Covid Changed My Relationship With Food And Not For The Better

This article is written by a student writer from the Her Campus at U Alberta chapter.

Growing up and all the way up until a couple of months ago, I used to have a really good relationship with food and the way I viewed my body. I ate whatever I wanted, albeit most of it wasn’t healthy, but I never felt guilty about what I was putting into my body. I could have five pieces of pizza with a huge helping of chips and topped off with a big bowl of ice cream and not feel bad about all the food I just consumed. Now though all of that has changed with Covid and this new world we now live in. 

A couple of months ago I made the decision to start taking better care of myself. I had nothing else to do and started devoting my time to working out every day and eating healthier. Now don’t get me wrong, in no way is this a bad thing. In fact, I’m so grateful that I made this change because physically and in some aspects mentally I have never felt better. However, as I mentioned in the title, my mental state surrounding food has completely shifted. When I first started trying to live a healthier lifestyle I did it solely for the purpose of trying to lose weight and get in shape. Now I am blessed in the sense that I grew up playing sports, so I already am in a fair bit of shape and I am used to fitness, however over the last couple of years I definitely neglected my body and so I wanted to pick myself back up and try to make some healthier changes in my life. 

Focusing on only making these changes for how I looked felt great at first but then it completely altered my sense of self. I would get discouraged when I wouldn’t see changes immediately in my body and I would constantly compare myself to other fitness influencers online. Worst of all I fell into a pattern of treating food as the enemy and would beat myself up whenever I had something as small as a piece of chocolate. I would look at what other influencers would eat in a day and immediately feel guilty for not eating a salad or for having second helpings. My mindset around food became dangerous and I started to fall into a pattern of weighing myself after I ate, which is not healthy at all. This pattern would have only continued and got way worse if I didn’t reach out for help. 
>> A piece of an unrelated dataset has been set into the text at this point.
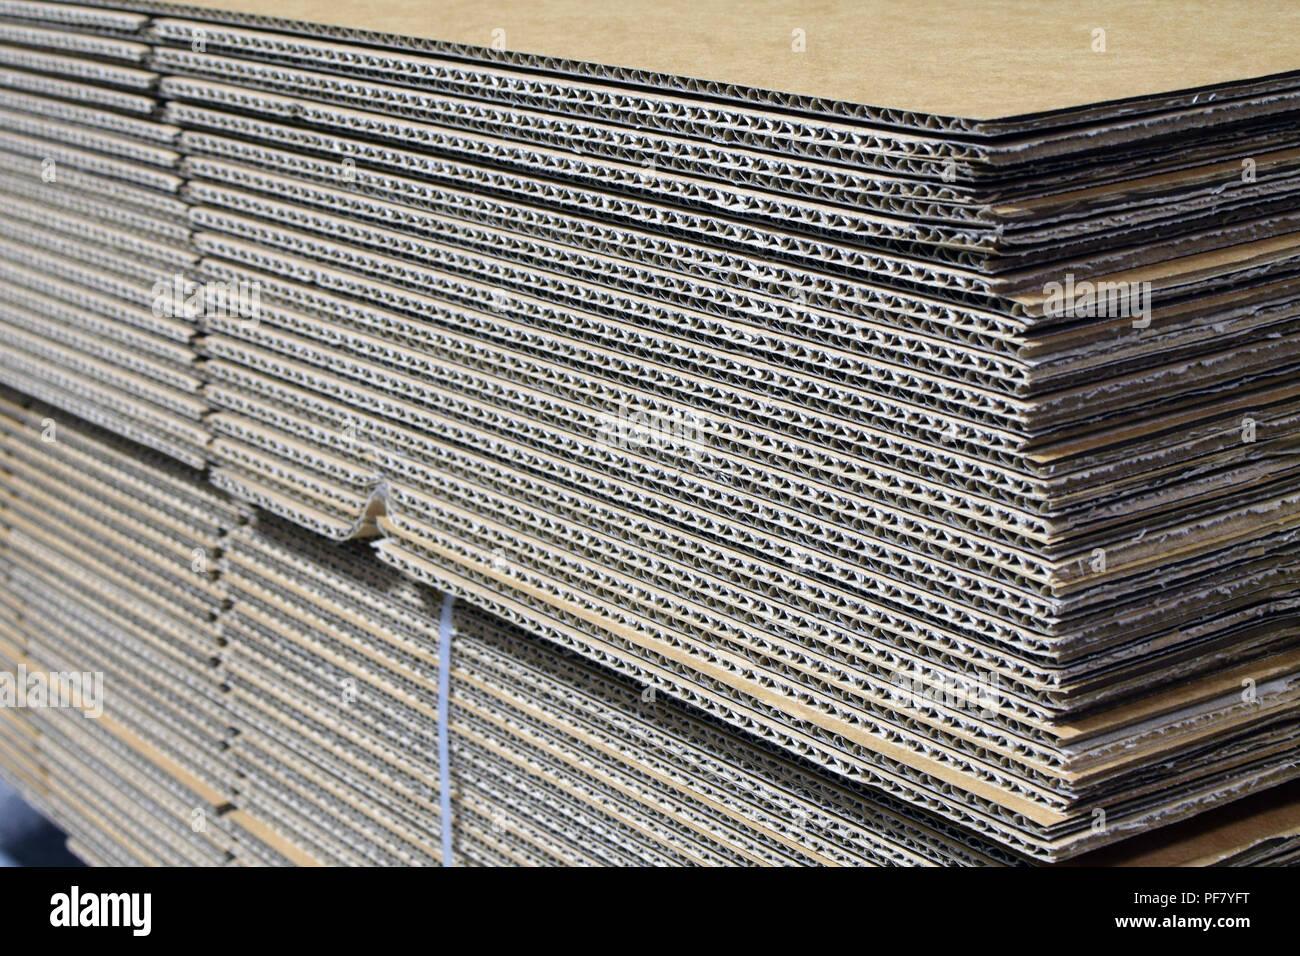 Pile de carton aplati Photo Stock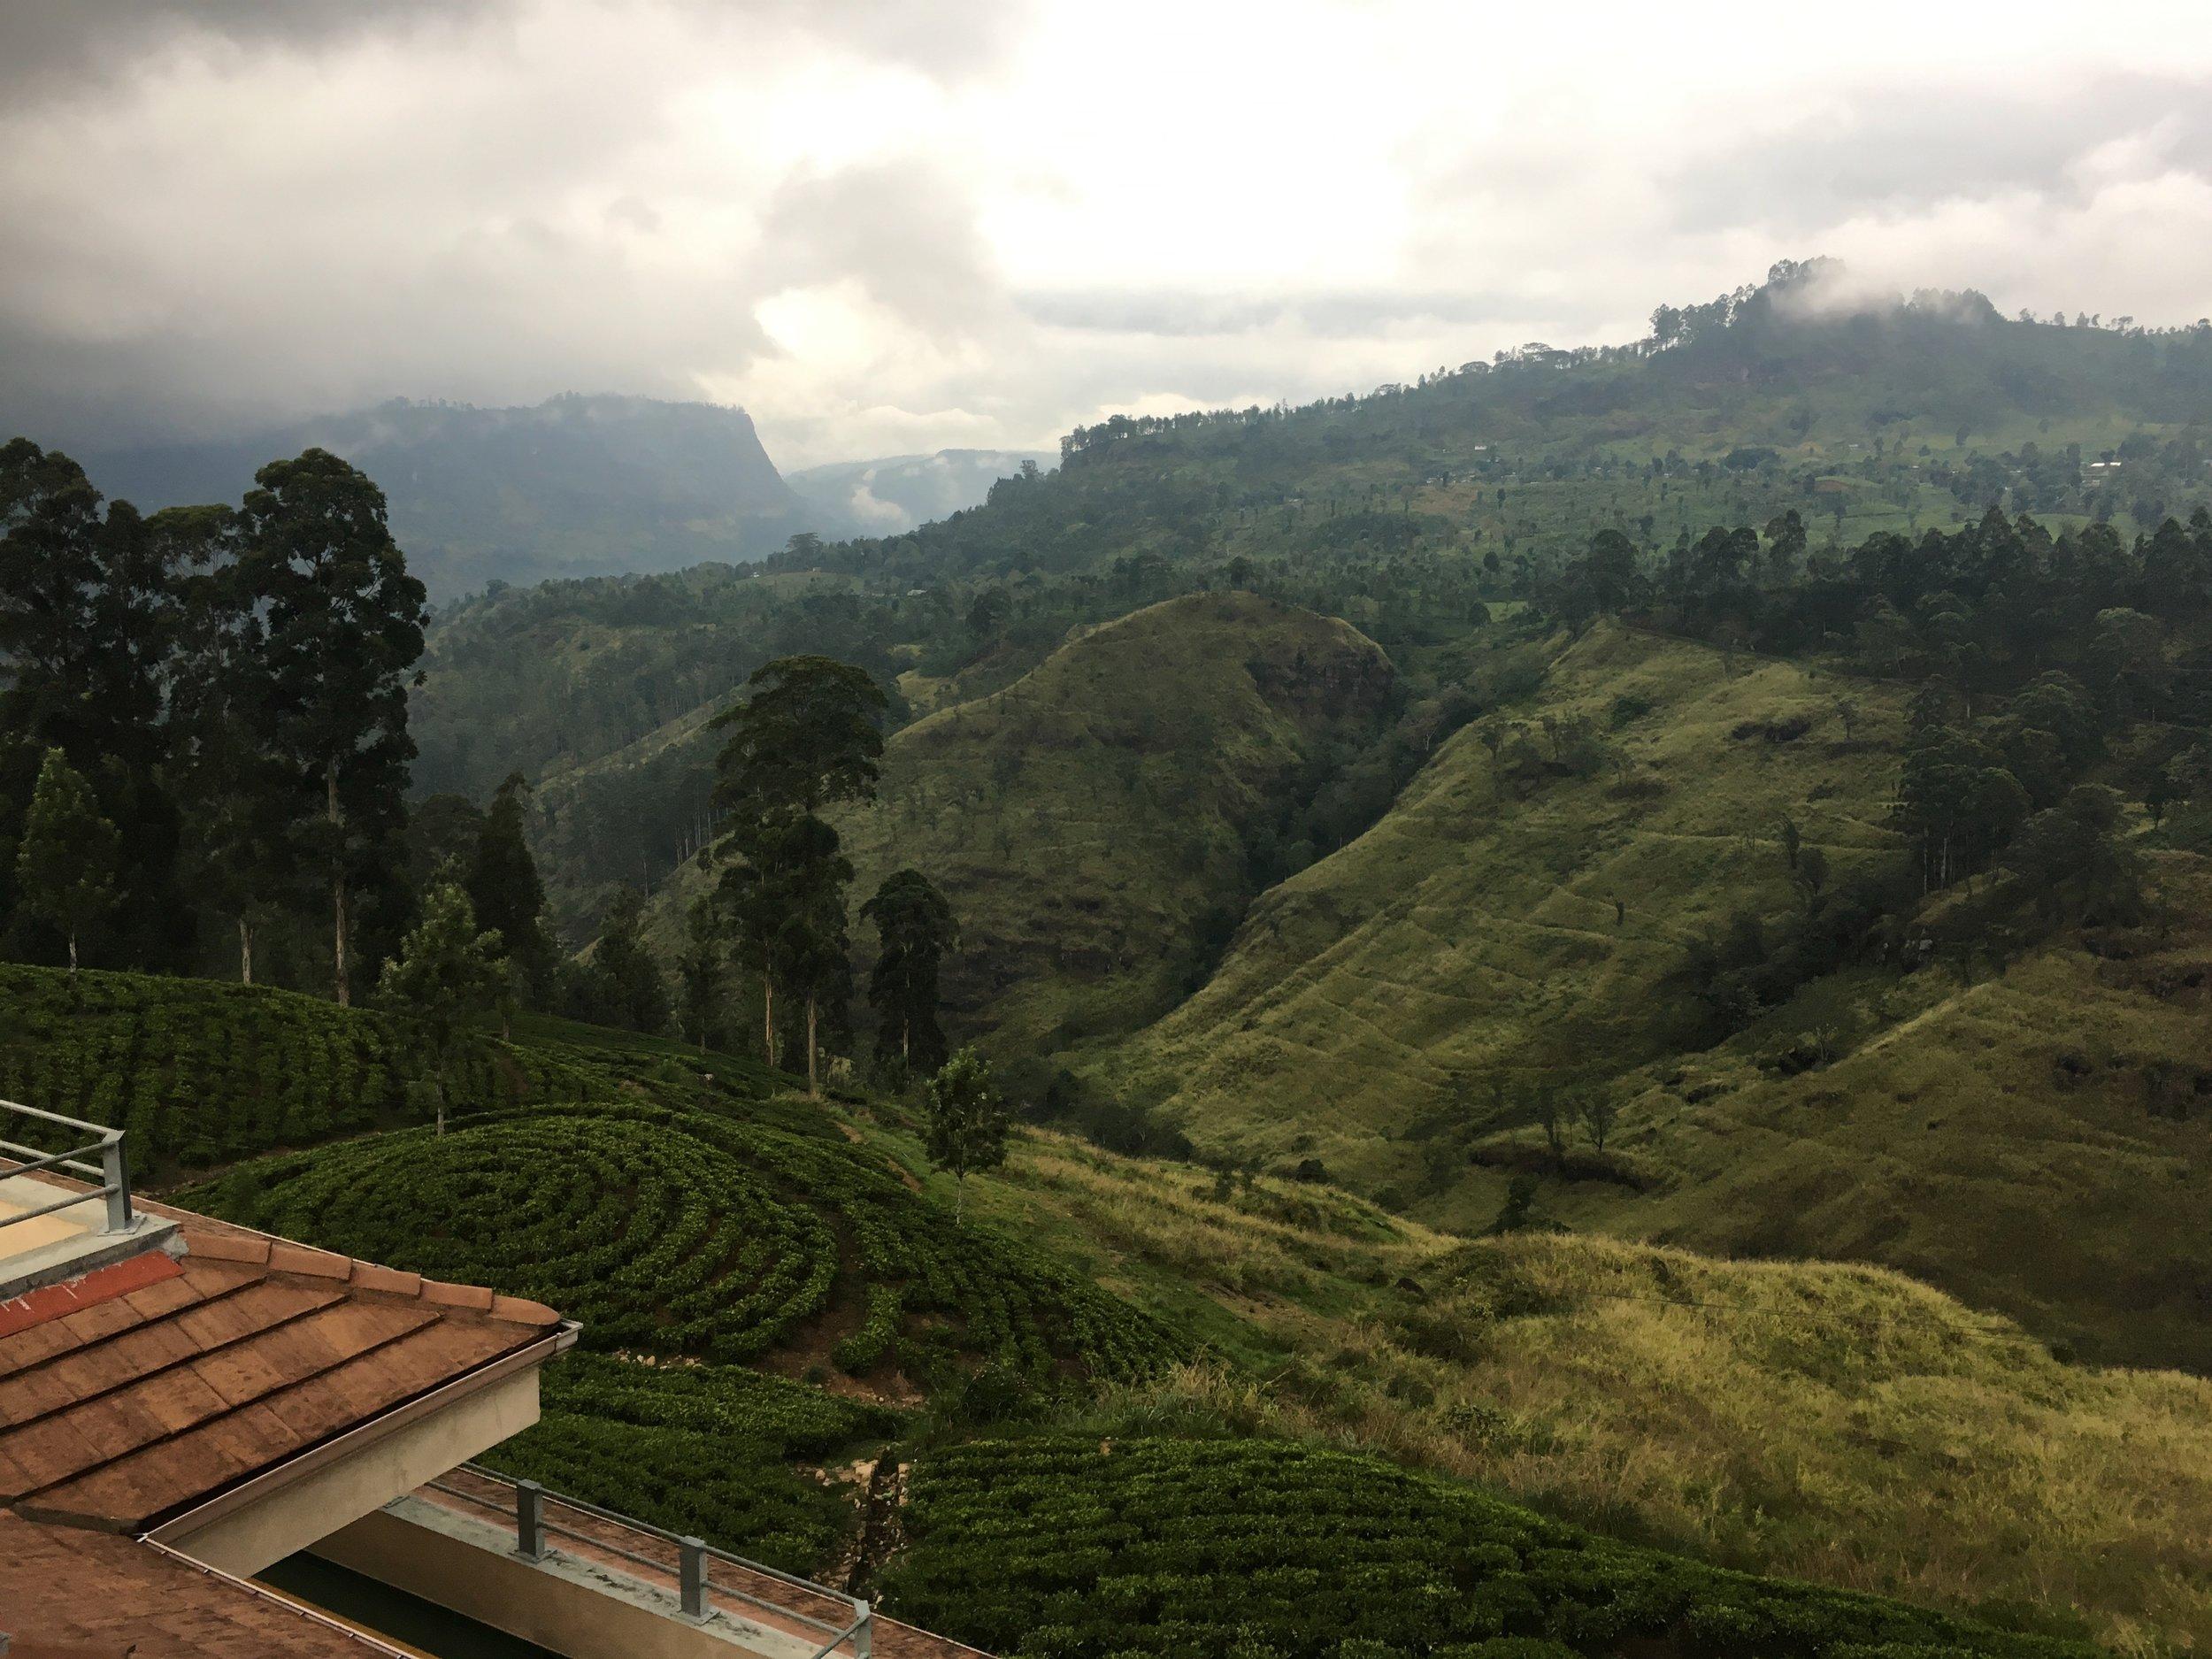 Sri Lanka's highlands - what a beauty

Finally talking about these issues lifted a weight off my shoulders. I no longer felt like I was alone and my fears were vocalized. I am nowhere near back to where I was a couple of months ago when it comes to food and I honestly don’t know if I ever will be. This process will take time and it is a constant issue that I know I will deal with throughout my life. I know I am lucky because so many people suffer from severely disordered eating and other issues surrounding food but I wanted to vocalize my experience so others out there who have stories surrounding their own experience with food relationships know they’re not alone. 

 

Rieley Tomkinson

U Alberta '22

Rieley is a third year Elementary Education student at the University of Alberta. When she's not busy studying you can find her binging a new Netflix show, singing along to musicals, playing with her dog or curled up with a new book.
Simi is a senior at the University of Alberta studying Sociology and Religious Studies. She grew up in Houston Texas and lives by the saying “go big or go home”. She is currently Her Campus Ualberta's Editor in Chief and Campus Correspondent. School, volunteering, clubs, and work occupy most of her time. You can find her on Instagram at @simi.bhangoo.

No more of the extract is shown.